За те практически не оплаченные месяцы и годы, которые Дейли отдал этому расследованию, он рос буквально на глазах. С него слетела псевдожокейская озабоченность, и появилось холодное трезвое неприятие несправедливости, свершившейся в его штате, отточенная проницательность взгляда и внутренняя радость от того, что жизнь наконец ощутимо и ясно сфокусировалась на любимом деле. Он блестяще выиграл процесс, и эта история, похоже, изменила его жизнь, ибо как федеральный судья он обрел огромную популярность.
С Дейли и Джимом Конуэем мы провели вместе не один вечер, собираясь то у меня, то около небольшого, амбарного вида дома Гиббонсов, в прошлом придорожной закусочной, пытаясь распутать, что же произошло здесь в ту страшную ночь. Я обратился к престарелому доктору Милтону Хелперну, пожалуй крупнейшему в стране специалисту по криминальной патологии; проанализировав все свидетельства, он пришел к заключению, что после такого убийства Питер не мог уйти без единой капли крови на одежде или на теле, что было зафиксировано в показаниях полиции. Я попросил нью-йоркского врача Герберта Шпигеля, известного специалиста по гипнозу, обследовать Питера, и он весьма помог в ходе вторичного судебного разбирательства, дав показания, способствовавшие оправданию парня. Мне удалось пригласить в зал суда журналистов из «Нью-Йорк таймс», не присутствовавших на первом судебном разбирательстве, что заставило теперь судью с прокурором удвоить свой пыл. Но все-таки своим освобождением Питер был обязан тончайшей реконструкции событий той страшной ночи, которую произвели Дейли и Конуэй, а также блистательной защите, которую продемонстрировал Дейли.
Я мог ликовать по поводу победы, что и сделал, но подлинное переживание воплотилось в пьесе «Сотворение мира и другие дела», написанной в период борьбы за Питера. Как и «Цена», созданная в разгар войны в шестидесятые годы, пьеса «Сотворение мира», прообразом которой является Книга Бытия, посвящена тайне братоубийства, которая здесь предстает как нечто свойственное природе человека. На фоне жизни обыкновенной семьи, далекой от социальных потрясений, пьеса в братоубийстве — первой дилемме и открывающем Библию событии — ищет надежду в человеке. Во всей сложности встает вопрос глубоко скрытой борьбы двух братьев за материнскую любовь, а значит, за любовь Бога. Истинно любящие и практичные Адам и Ева, не веря своим глазам, смотрят на убитого Авеля и нераскаивающегося Каина, испытывая ужас за свою жизнь под Богом, который не только допускает подобное, но, видимо, задумал человечество, чтобы увековечить их. По пьесе, катастрофа спровоцирована природой человека: в самом братстве он впервые познает вкус убийства себе подобных.
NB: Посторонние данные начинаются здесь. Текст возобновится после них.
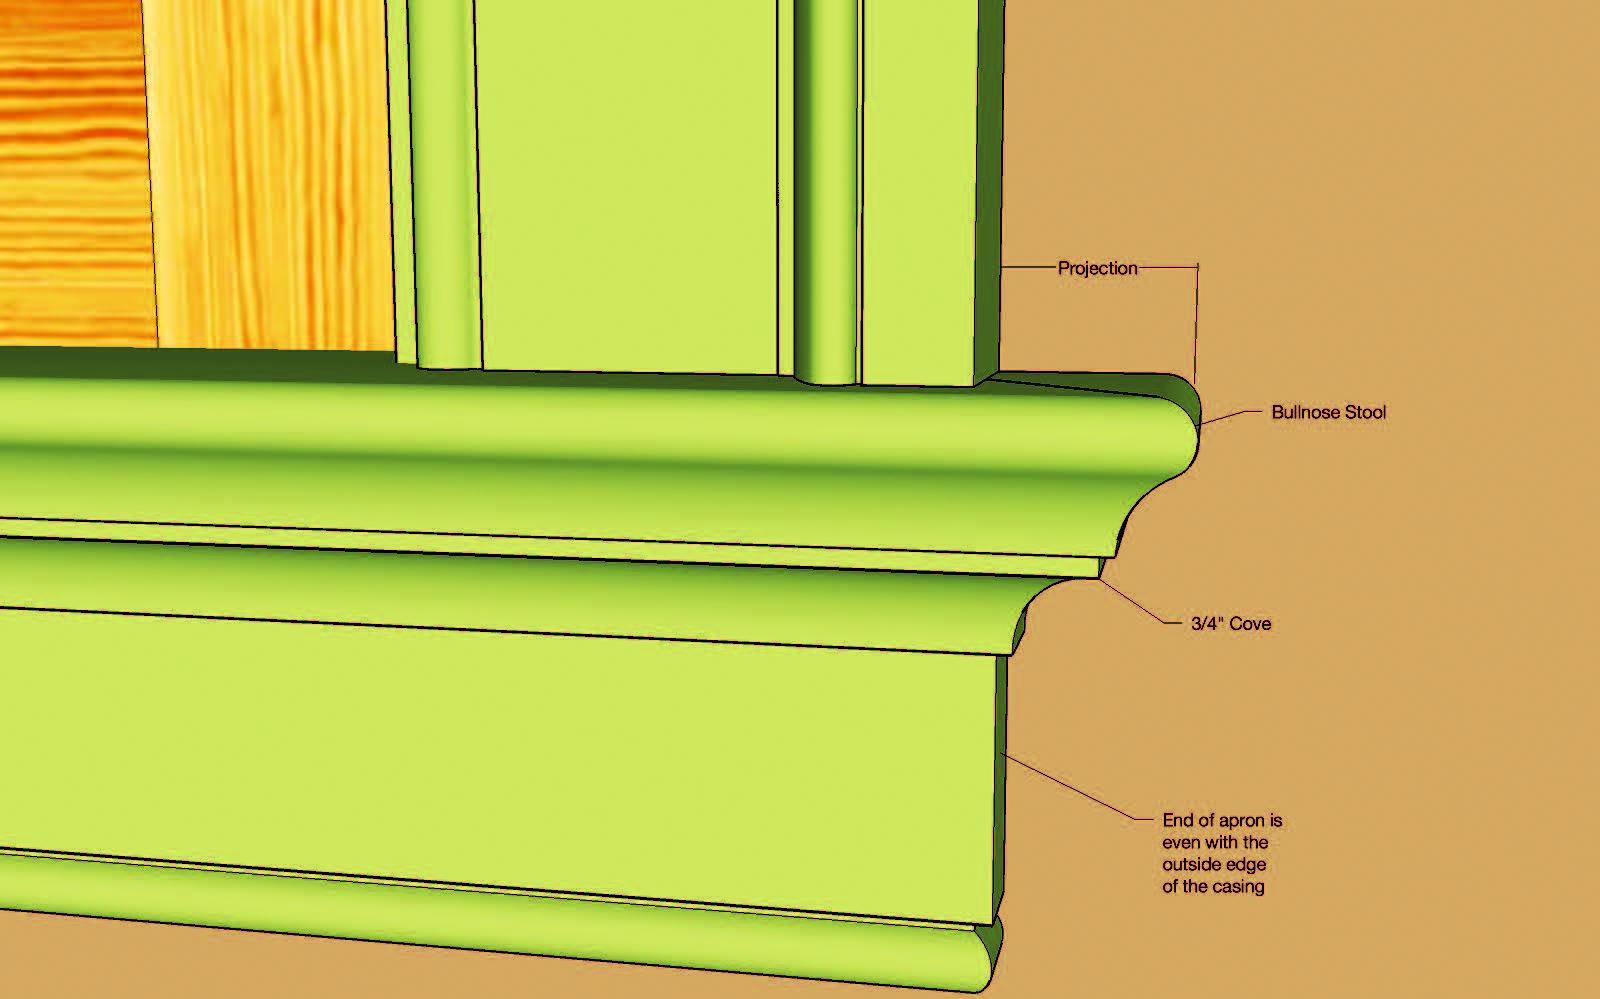 Diy interior window trim - Window Stool Cap And Apron Are Used On This Window Trim
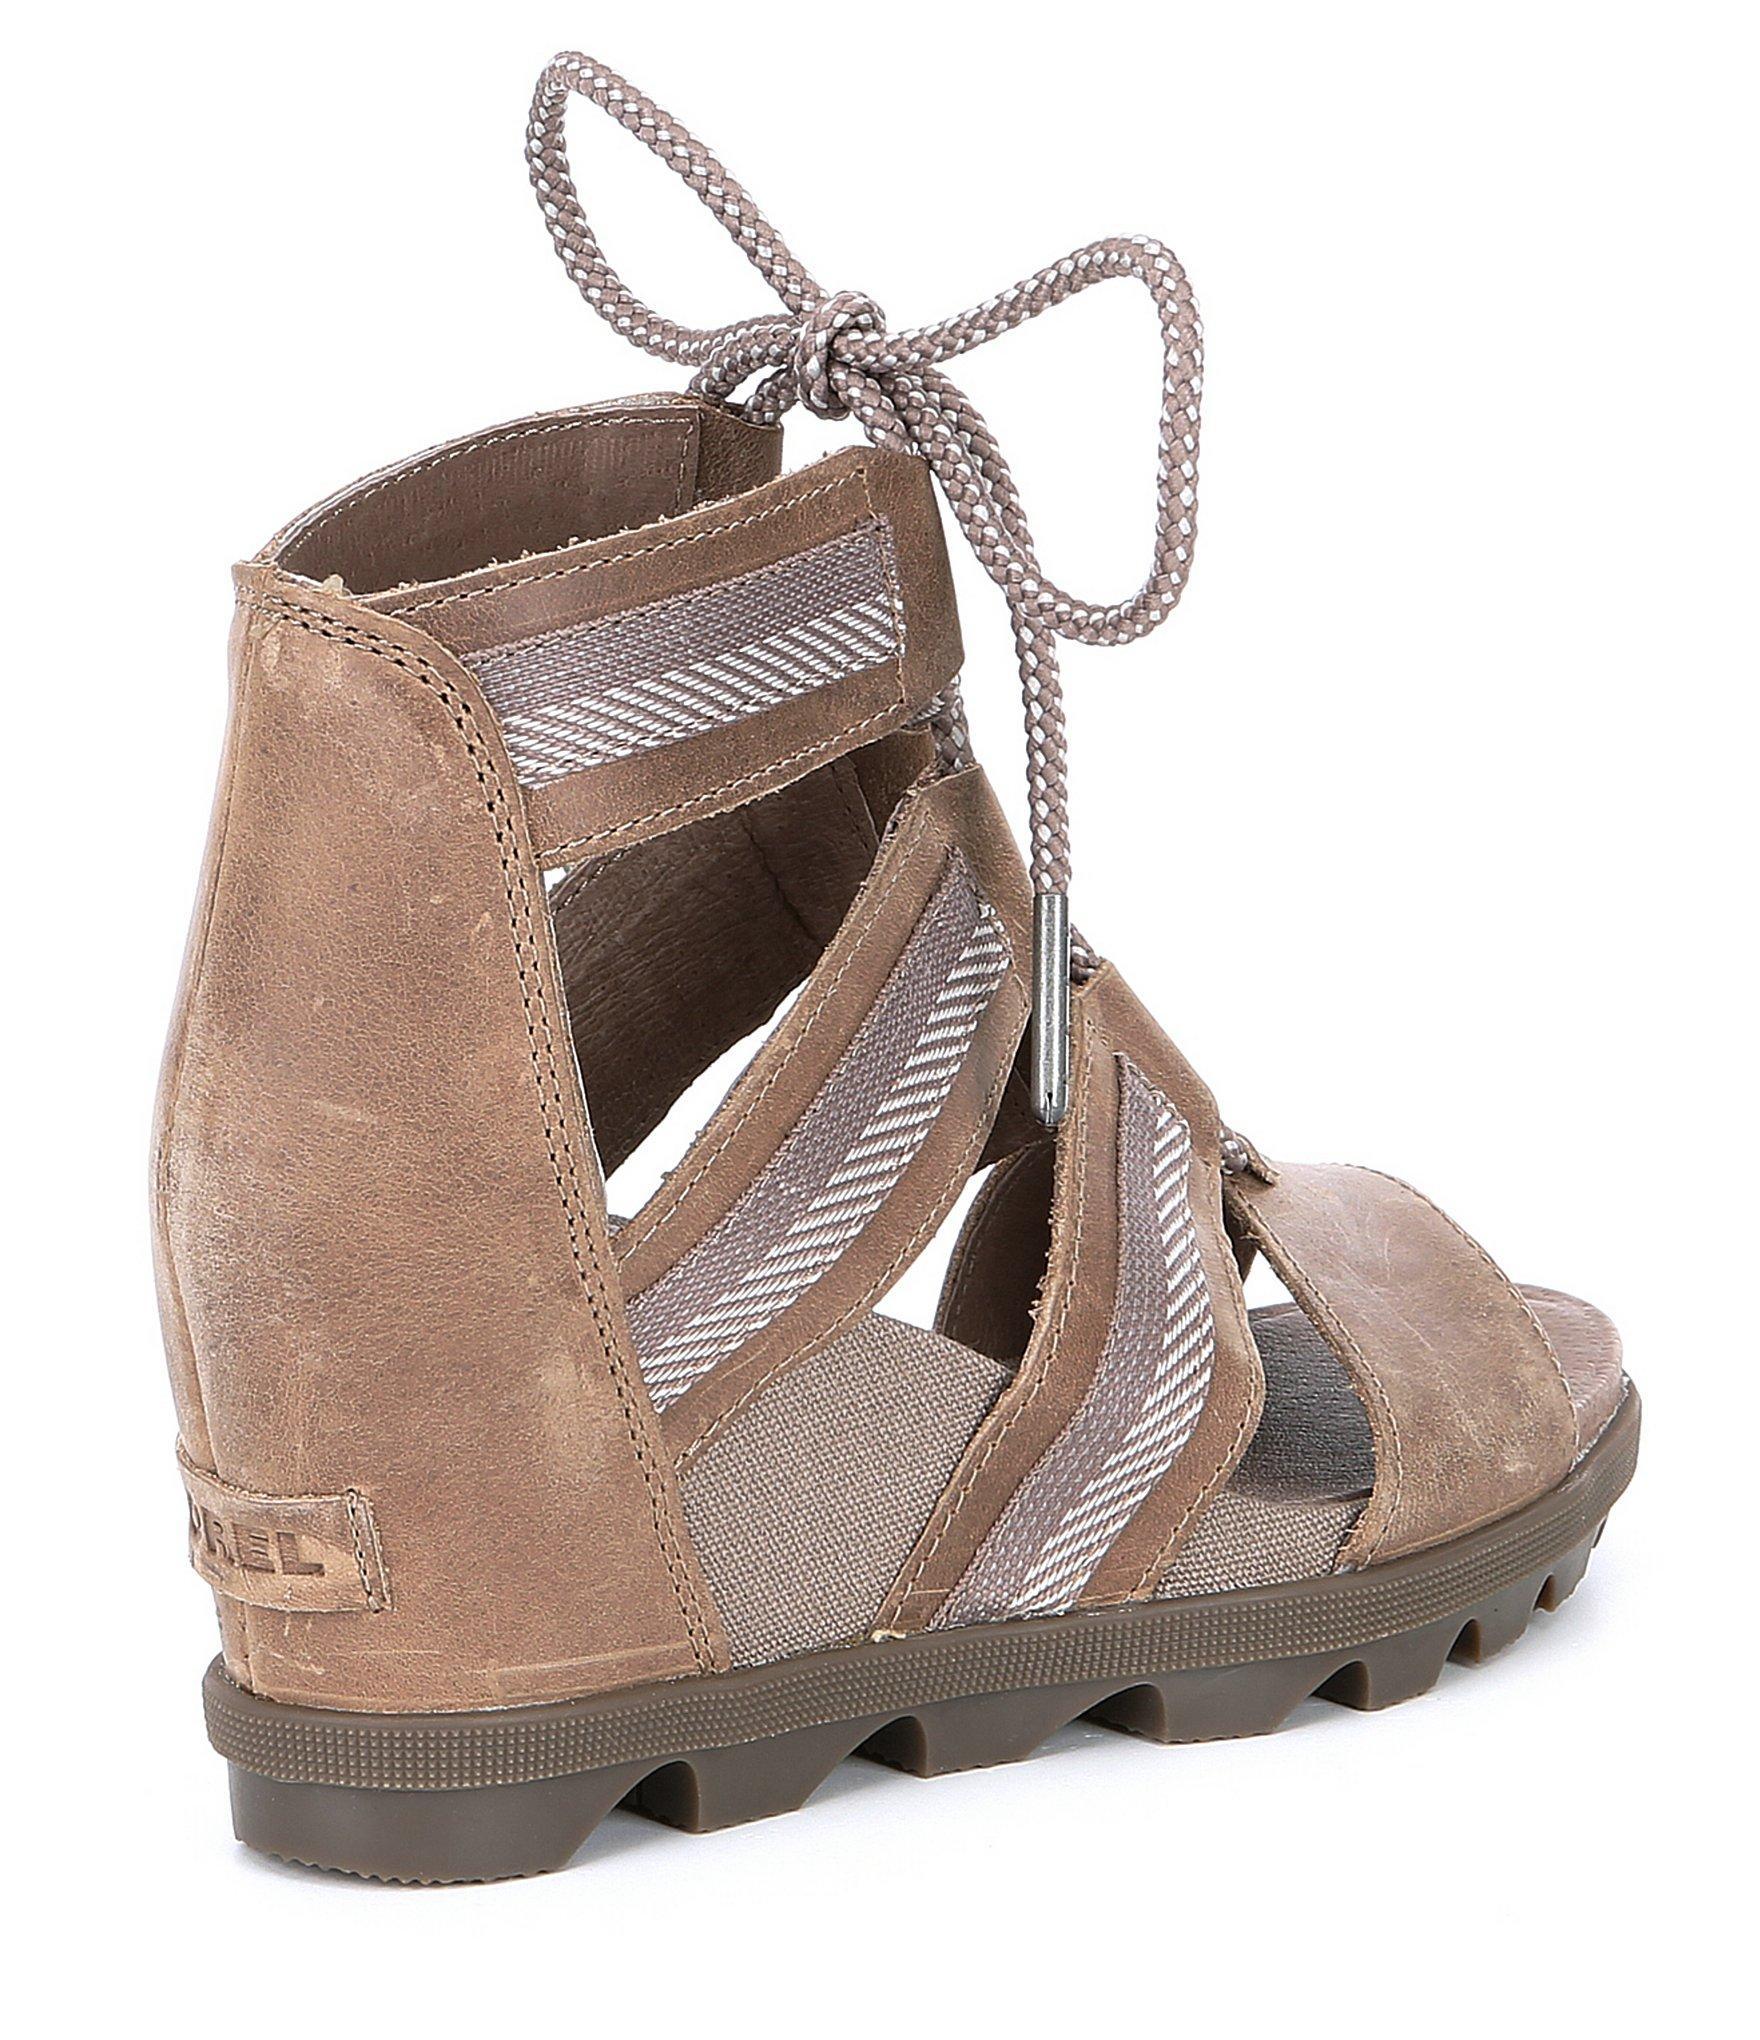 f28e86708 Sorel - Brown Joanie Ii Leather Lace Sandals - Lyst. View fullscreen

Защитой, если она вообще есть, против тикающего внутри нас взрывного механизма едва ли может послужить нечто иное, кроме обращенных Адамом к жене, Еве, исполненной ненависти к поступку Каина, и к сыну слов: «Проси у нее прощения! Каин, мы окружены зверями! И Бог больше не придет! Мальчик, кроме нас, некому взять на себя ответственность — проси у нее прощения!» Ухмыляющийся и ненаказанный Каин, твердо ступая, уходит в изгнание, а отец вопиет в сумеречной пустыне: «Смилуйся!» Но крик Адама — это тоже общечеловеческое.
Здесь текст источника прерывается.